If George’s father Robert and his brother Robert, Jr. are so fearful of all the scary black people out there, why have they been willing to make multiple appearances on television and radio programs? Robert, Sr. appeared with his face hidden, although I don’t know why that was the case. Robert, Jr., the brother, was on a high-profile CNN program twice, and was in no way disguised.
Who was more hated than Casey Anthony and her family? They even experienced having people picketing their home and screaming “baby killer” at them when they came out of their house. Yet they were not permitted to testify by telephone. Even child witnesses in abuse cases have to come to court to testify. Occasionally they are allowed to testify by video-conference, but I have never heard of telephone testimony before. The implication was that George Zimmerman and his family are in danger comparable to testifying in a mafia trial.
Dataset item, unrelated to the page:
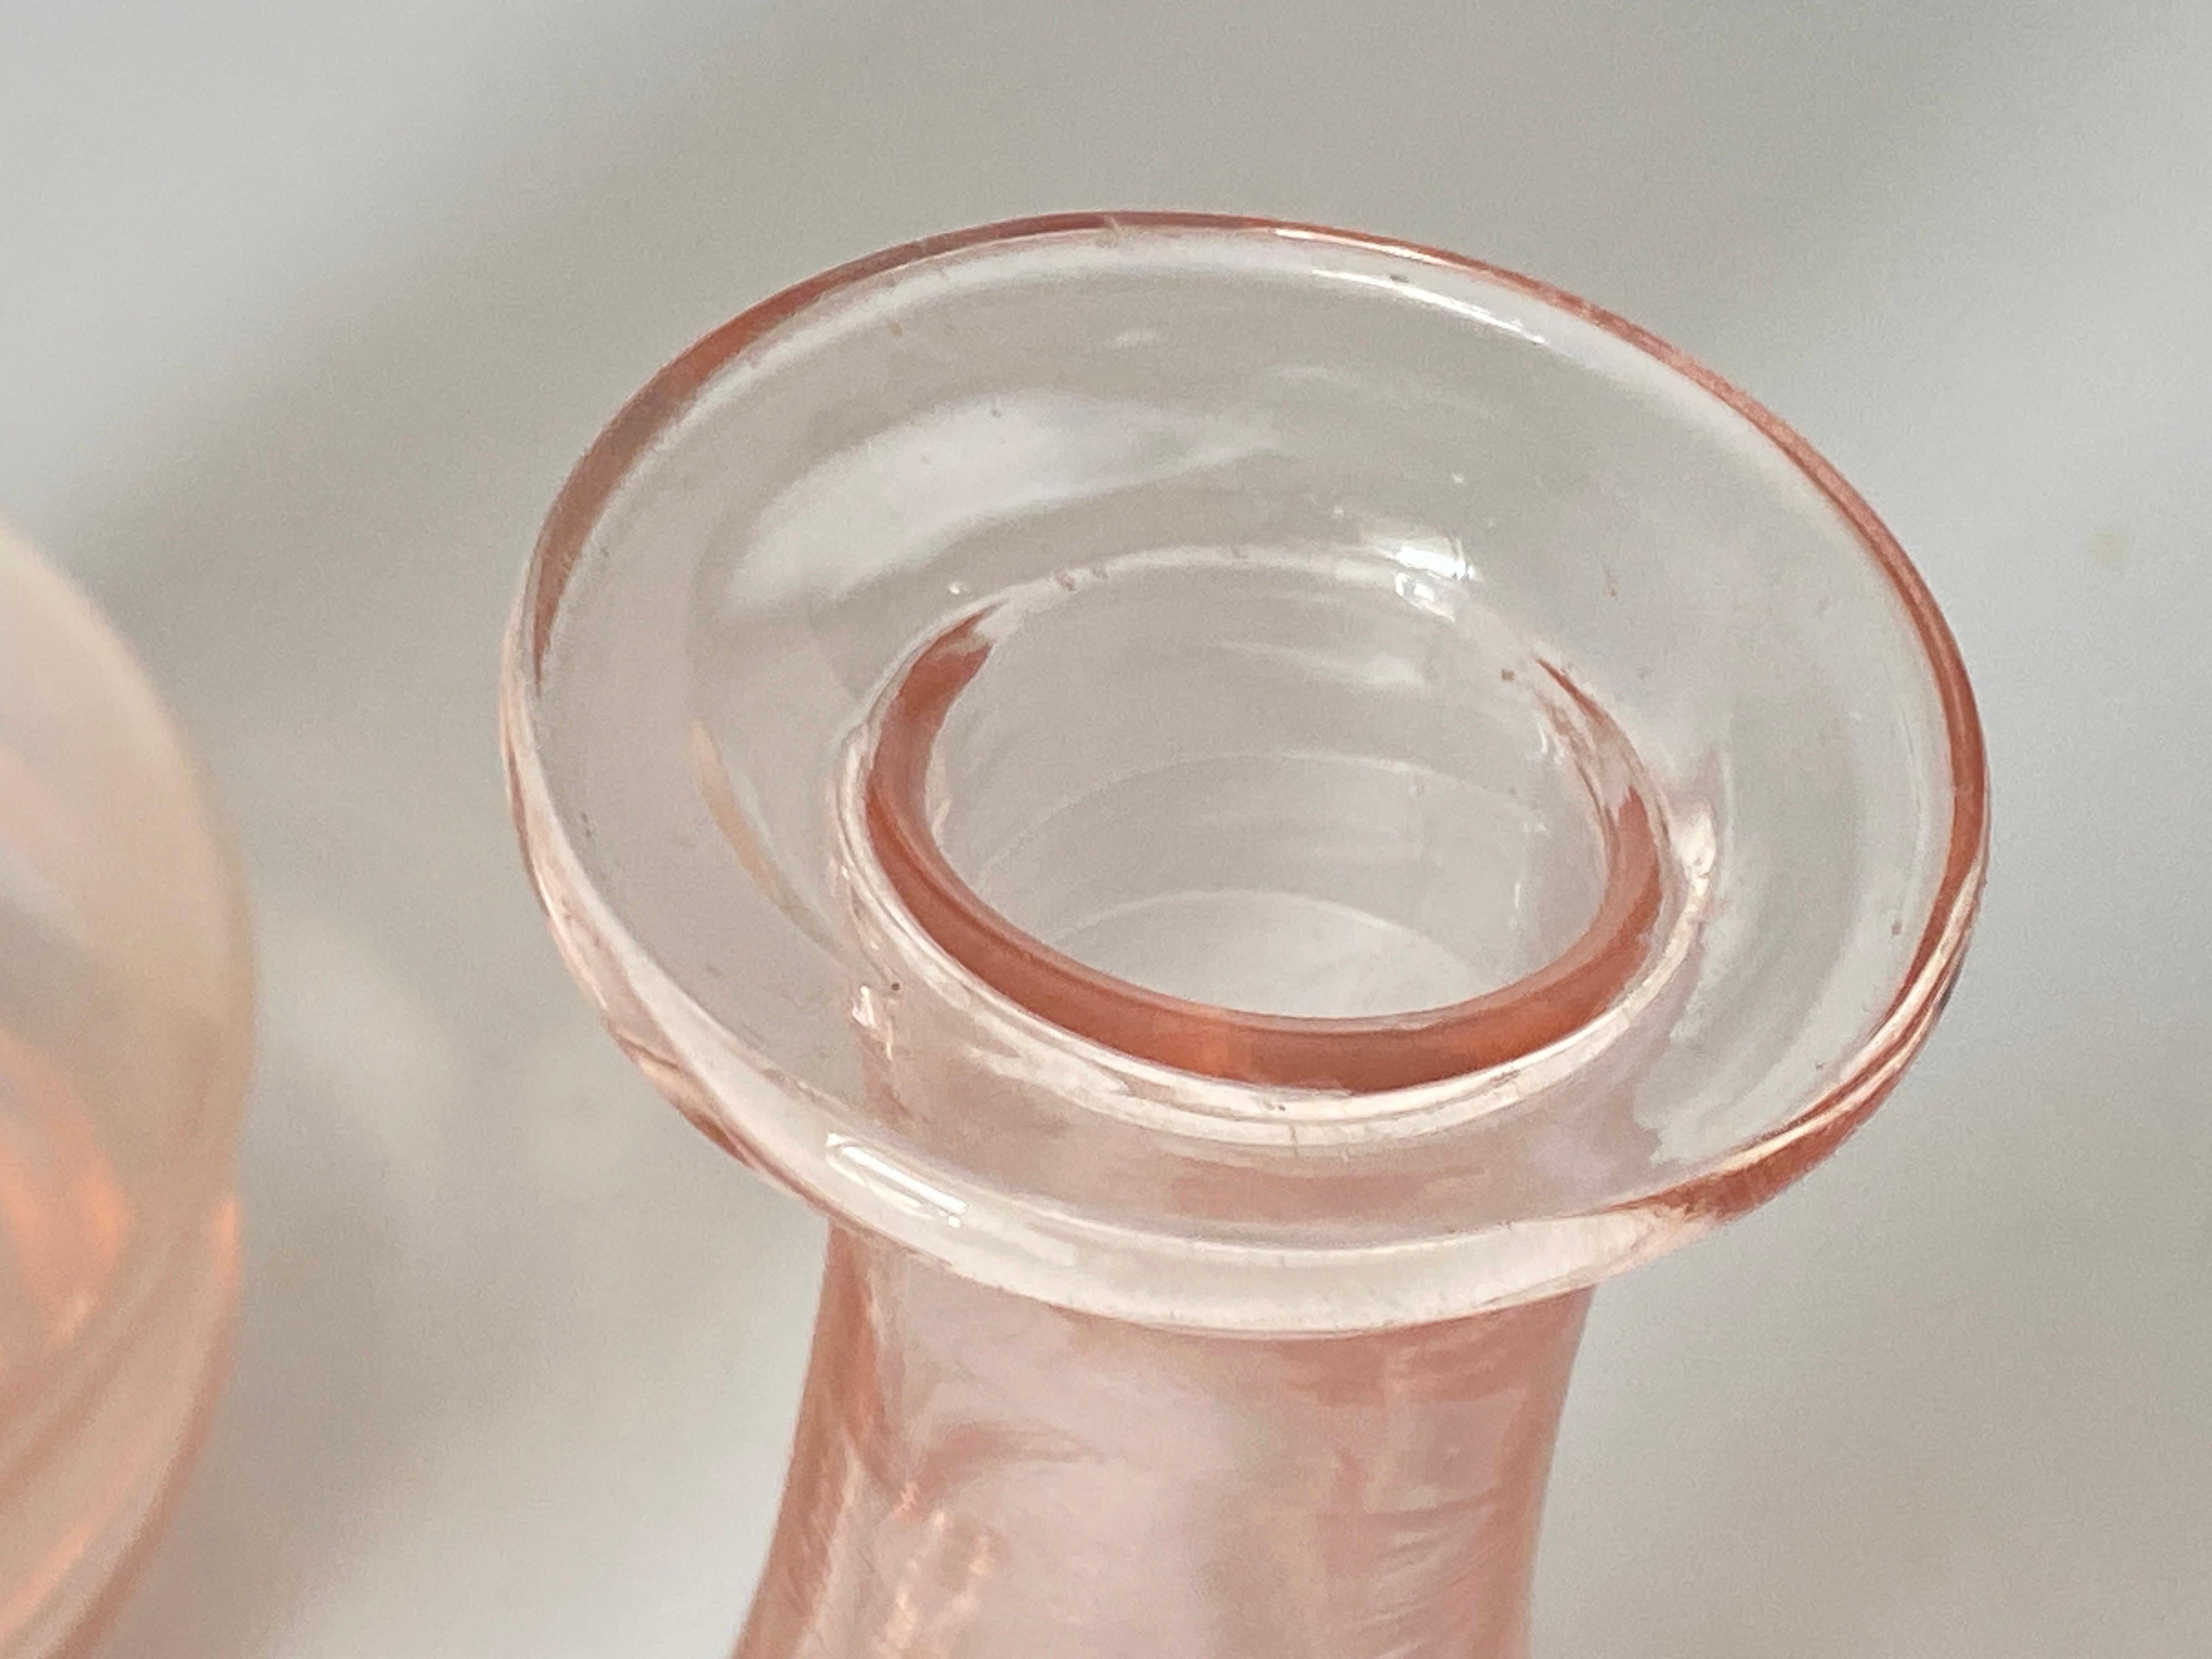 Diese dekorative Glasflasche wurde um 1940 in Frankreich hergestellt. Sie sind typisch für den Art-Déco-Stil und haben eine rosa Farbe.
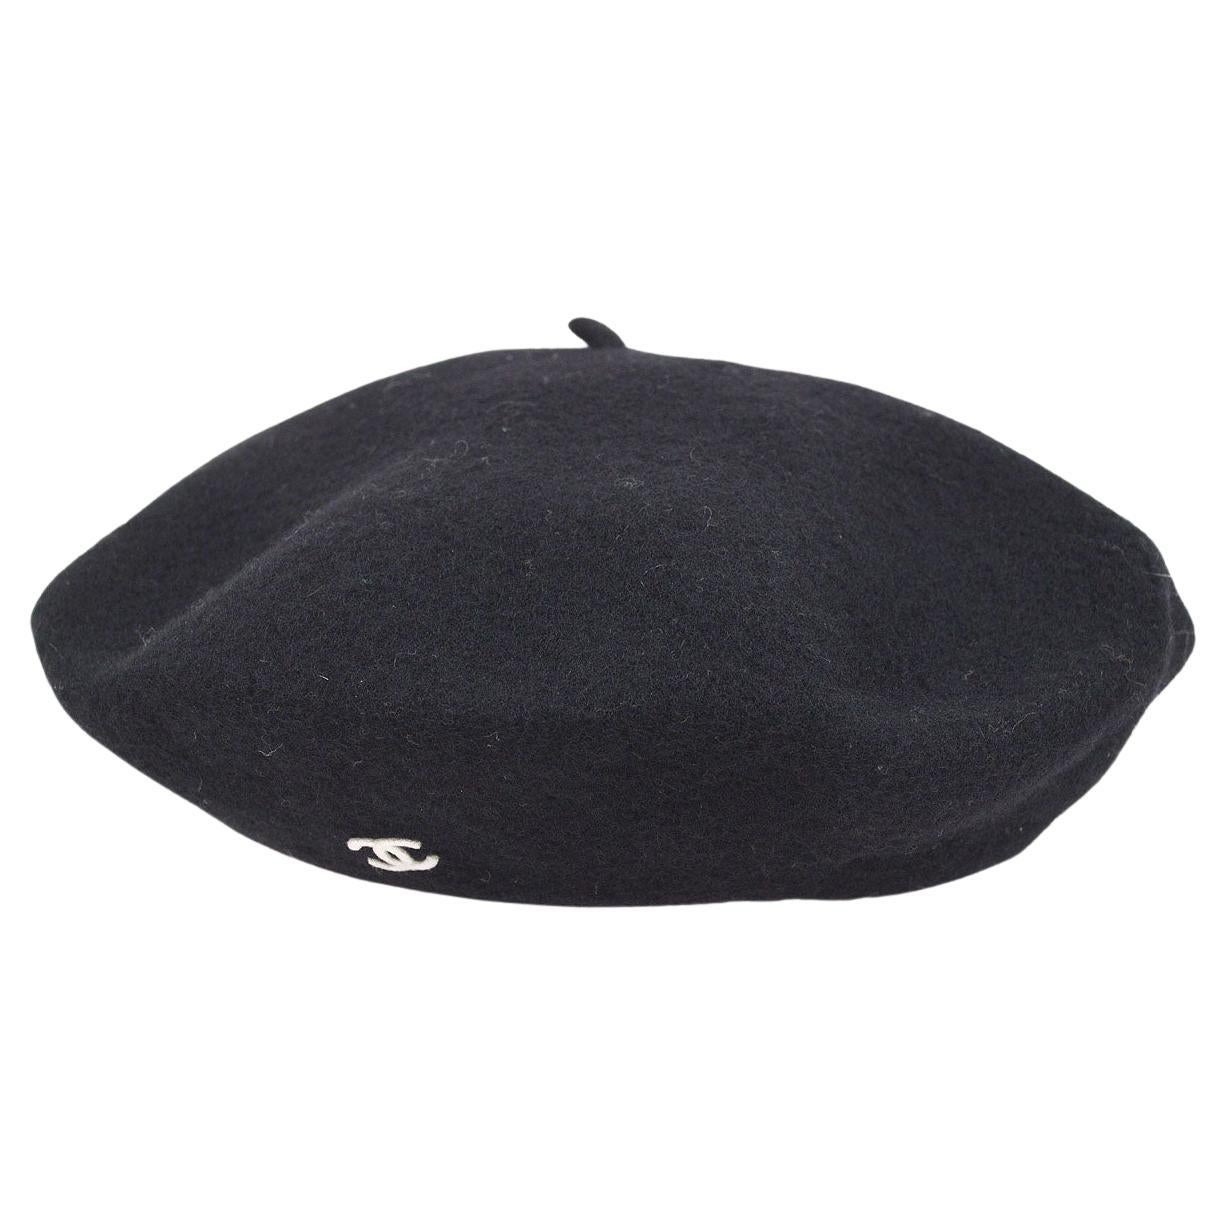 Wool cap Chanel Black size 57 cm in Wool - 4559093

The state permitted George Zimmerman’s attorney Mark O’Mara to hold a mini-trial during a bond hearing! An investigator was called to the stand and cross examined about the wording of the probable cause affidavit.
“Evidence” was introduced to indicate that George Zimmerman had two vertical cuts on the back of his head, and O’Mara got the investigator to say that that is consistent with Zimmerman’s story that Trayvon Martin banged his head on concrete. How would that cause two vertical scratches? Isn’t it more likely those scratches were caused by Martin’s fingernails as he tried to defend himself from his mysterious stalker?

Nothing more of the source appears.